== Data below ==

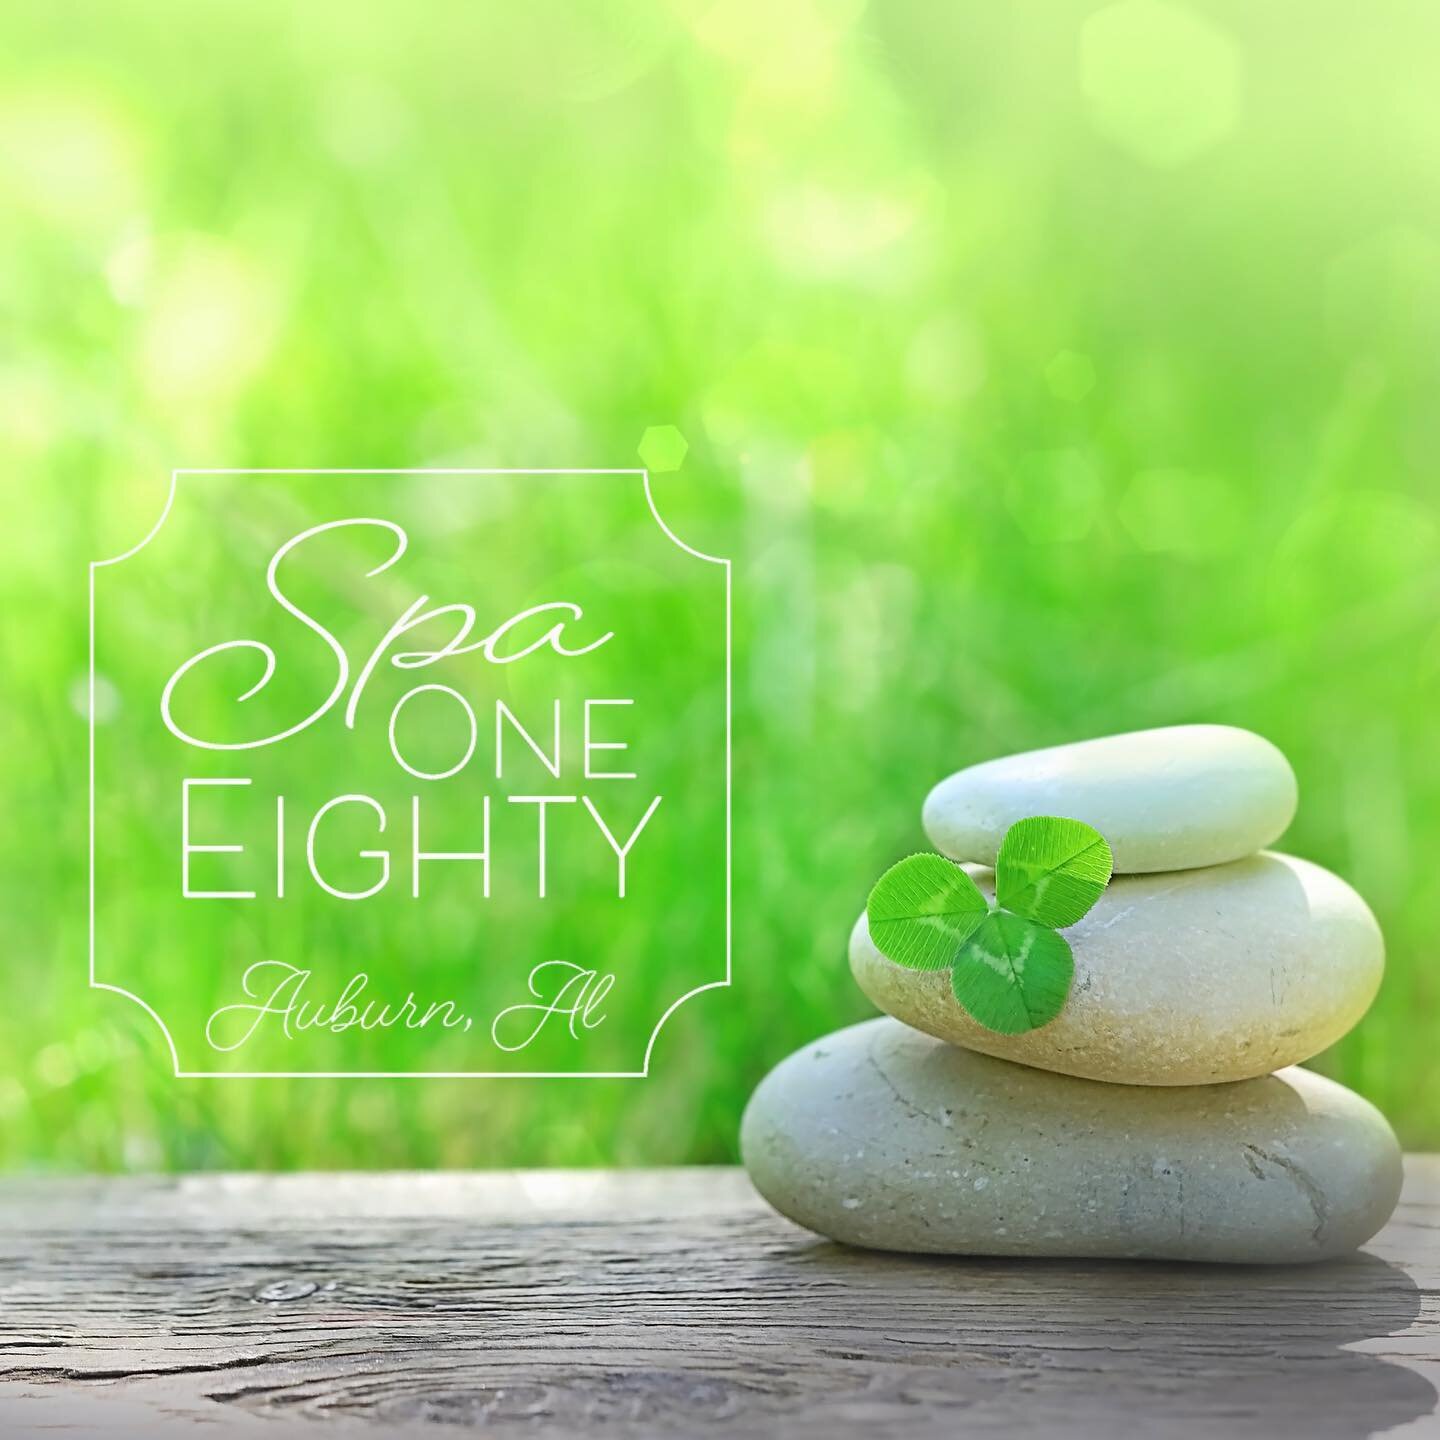 ☘️ Wishing you a pot o&rsquo; gold,
And all the joy your heart can hold. Happy St.Patrick&rsquo;s Day from Spa 180! ☘️🌈💰 #StPatricksDay #Spa180 #Auburn #VotedBestSpa #AuburnSpa #MassageTherapy #Skincare #Waxing #Nails #Makeup #PermanentCosmetics #L
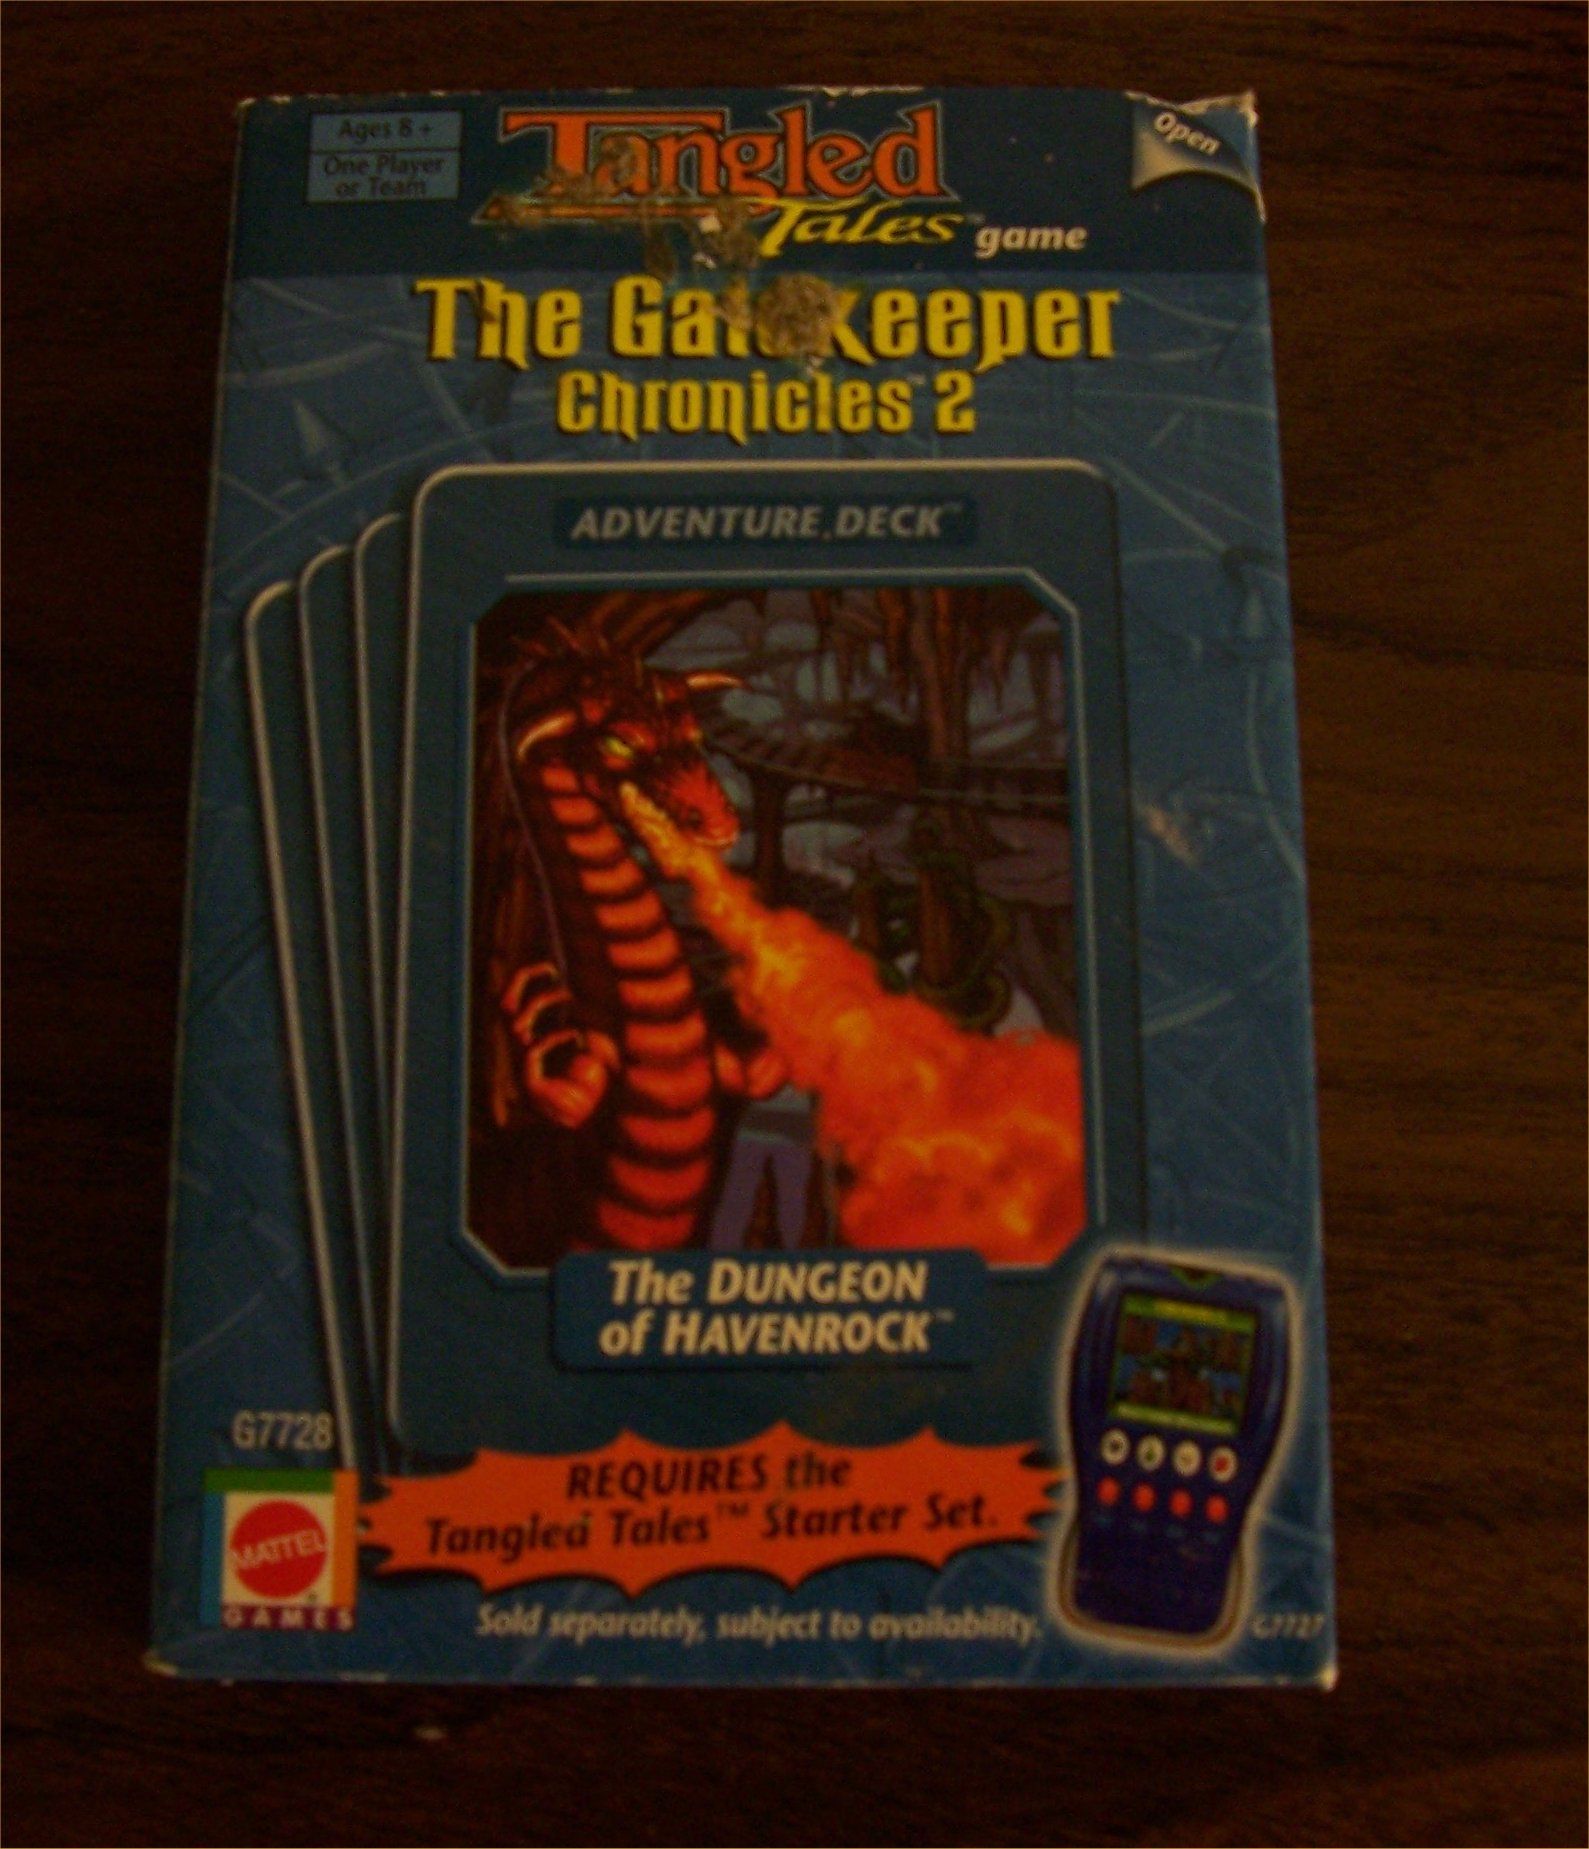 Tangled Tales Booster The Gatekeeper Chronicles 2

===

> Task brief
Leaving out the pictures, transcribe the material above exactly.

> Answer to this task
 ☘️ Wishing you a pot o&rsquo; gold,
And all the joy your heart can hold. Happy St.Patrick&rsquo;s Day from Spa 180! ☘️🌈💰 #StPatricksDay #Spa180 #Auburn #VotedBestSpa #AuburnSpa #MassageTherapy #Skincare #Waxing #Nails #Makeup #PermanentCosmetics #L
 Tangled Tales Booster The Gatekeeper Chronicles 2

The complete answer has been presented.